目視点検では、作業員が1カ所ごとに巡回して点検するため、単位時間あたりの点検数が少なくなります。一方、ヘリコプターは短時間に多くの点検場所を巡回できるので、単位時間あたりの点検数は多くなります。

 

効率性よりも優先的に考えなければならない安全性

大きなコストダウンとなったケース(A)~(C)をもう少し分析してみましょう。これらはヘリコプター点検とドローン点検の違いを如実に示しています。

ケース(A)は、過疎地にある6本のポールを点検した場合です。ヘリコプターでは1時間足らずで終わる点検ですが、ドローンでは約5倍の時間がかかっています。ちなみに、作業時間は、各業務担当者(オペレーター、カメラマン、サポートスタッフ)が使った時間の合計なので、実際の作業時間は約半分と見てよいでしょう。
コスト削減効果は大きく、ヘリコプターに比べドローンが約5分の1で済んでいます。

ケース(B)は、過疎地にある20 本のポールを点検した場合です。ヘリコプターでは90分足らずで終わっていますが、ドローン点検では約5倍の7時間です。
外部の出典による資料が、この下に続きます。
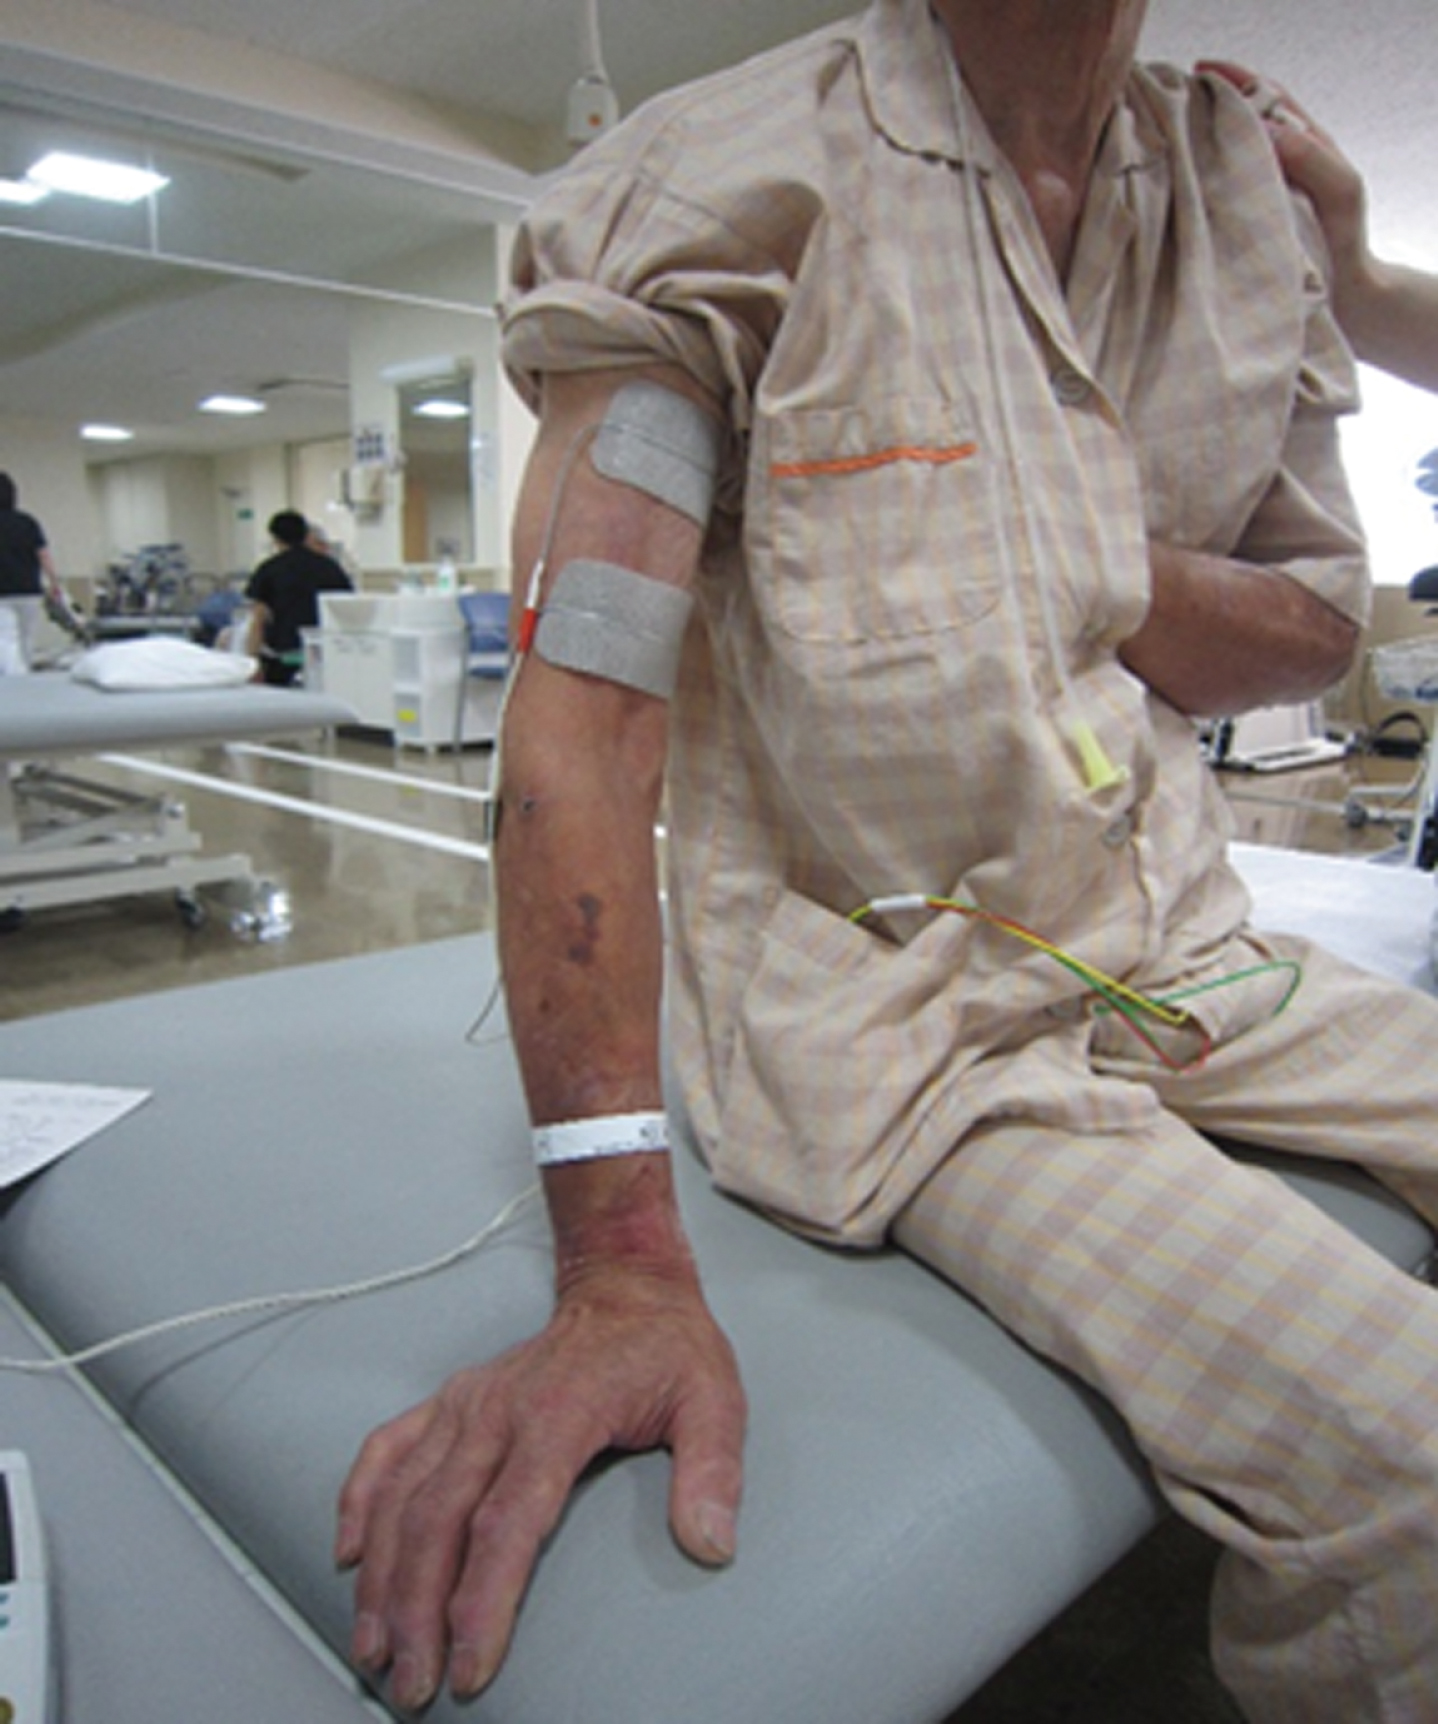 Pivot Physical Therapy - Electrical stimulation (e-stim) is a

コストを比較するとヘリコプターに比べ、ドローンは6分の1で済んでいます。

注目したいのは、ドローン点検におけるポール1本あたりの点検費用です。ケース(A) では1 本約57.5ドル、ケース(B)では24.25ドルとポールの数が増えるに従って、急速にドローン点検のコスト優位性は上っています。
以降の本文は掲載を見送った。